The student has not achieved the learning objectives of the course.

Assessment criteria: level 1 (assessment scale 1–5)

A student will be able to
- utilize resources available and make independent decisions to some extent.
- utilize big data networks.
Active participation to the course is required in
- discussion and
- in team work.
Assignments
- the level of returnings can be considered as passed.
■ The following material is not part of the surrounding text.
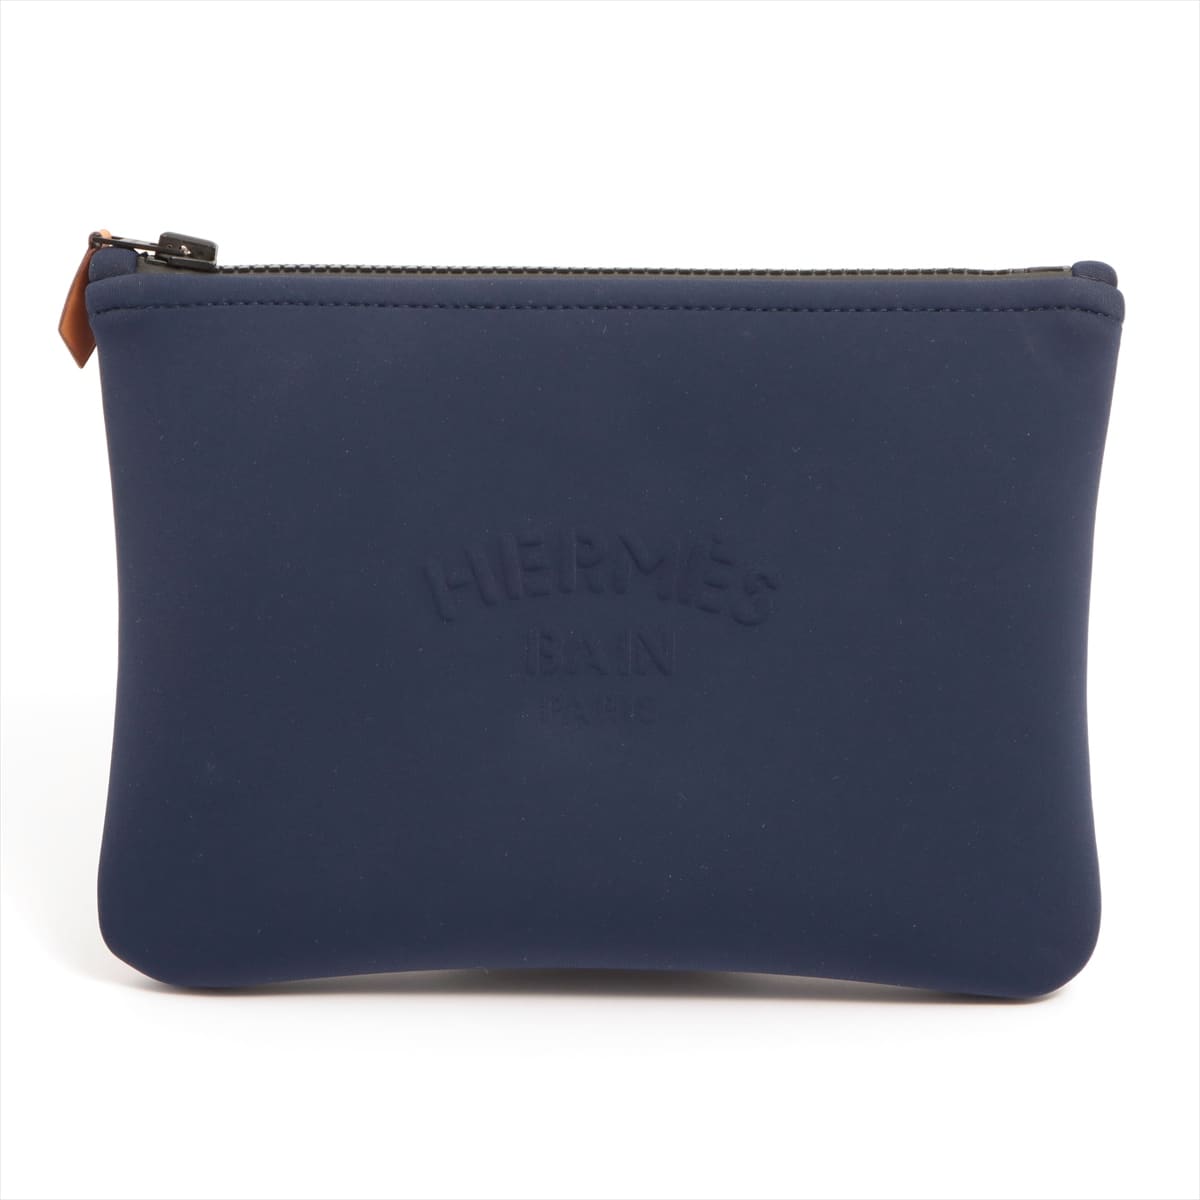 Hermès Toulouse Flat PM Polyamide x elastane Pouch Navy blue Black hardware

Assessment criteria: level 3 (assessment scale 1–5)

A student will be able to
- independently utilize and apply resources available.
- effectively utilize big data networks.
- set and justify objectives that can help develop the contents of the course.
Active participation to the course is required:
- discussion
- team work: give a helping hand if needed
Assignment
- the level of returnings is the desired level (correct and passed) of given assignments

Assessment criteria: level 5 (assessment scale 1–5)

A student will be able to
- independently manage the course as a process to learn different aspects of big data as a whole from start to finish.
- utilize, critically appraise and apply resources available.
- utilize big data networks in a diverse and innovative manner.
- set and justify strategic objectives that help reform the contents of the course.
Active participation to the course is required:
- discussion: be a positive interlocutor, advance the discussion forward into relevant topics, justify opinions
- team work: recognize a need for helping hand of a fellow student, and give one if needed
Assignments
- the level of returnings exceed the required level of given assignments.